> **Activity**
What is needed is a faithful transcription of all the data below, pictures excluded.

Stored dataset items
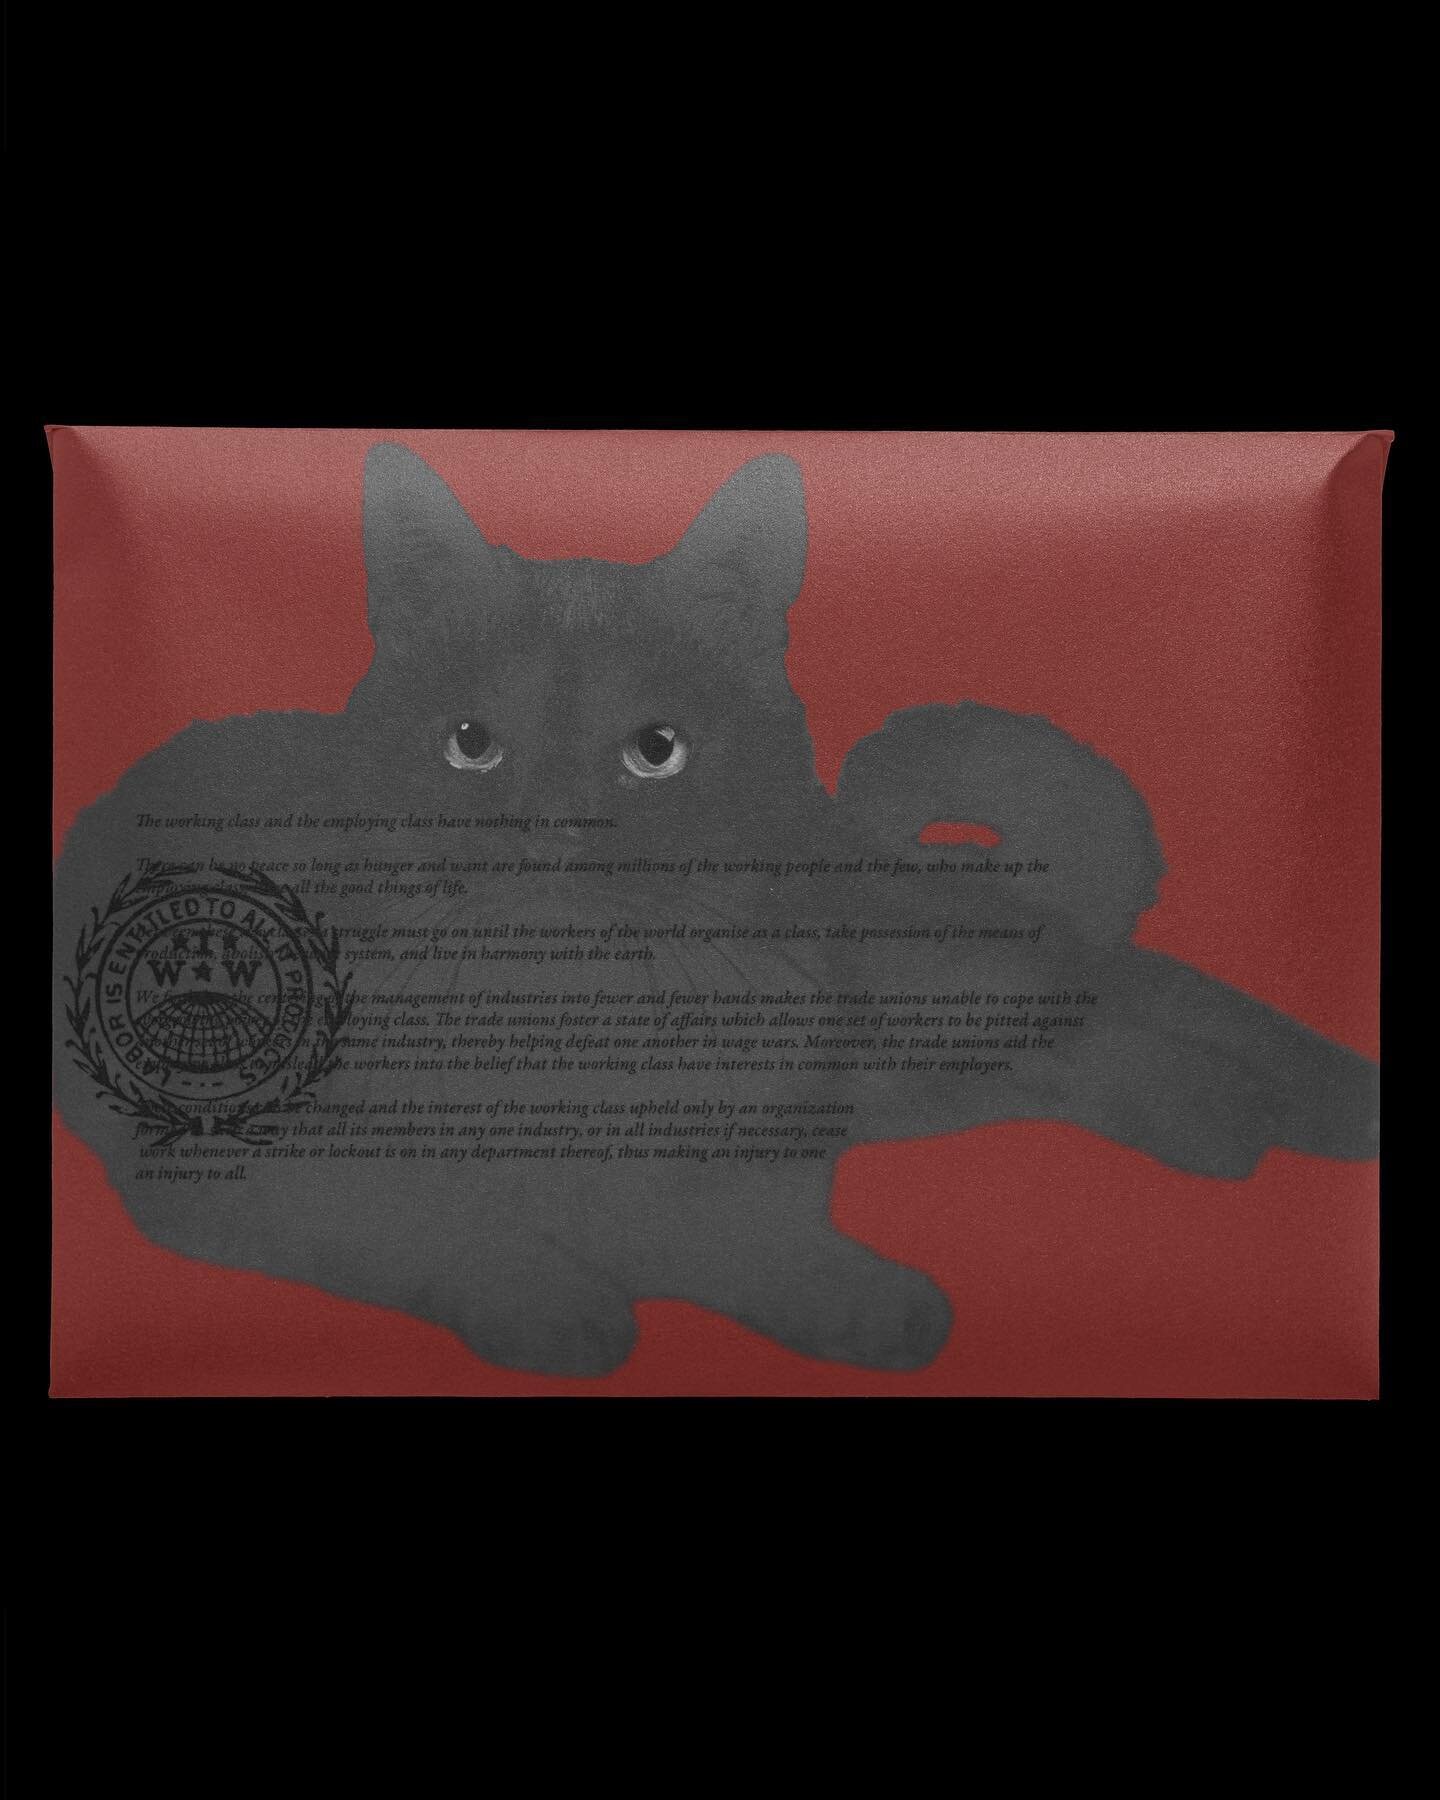 ℒ𝒶𝒷𝑜𝓇 𝒟𝒶𝓎 &laquo;𝒜𝓂𝑒𝓇𝒾𝒸𝒶𝓃 𝓂𝒶𝓎𝒹𝒶𝓎&raquo; 
&bull;
&bull;
&bull;
[black background with horizontal mail package/magazine cover in burgundy with a black cat (grey)  set to fit most of the area: text in front of the cat is the preambl

> **Response**
 ℒ𝒶𝒷𝑜𝓇 𝒟𝒶𝓎 &laquo;𝒜𝓂𝑒𝓇𝒾𝒸𝒶𝓃 𝓂𝒶𝓎𝒹𝒶𝓎&raquo; 
&bull;
&bull;
&bull;
[black background with horizontal mail package/magazine cover in burgundy with a black cat (grey)  set to fit most of the area: text in front of the cat is the preambl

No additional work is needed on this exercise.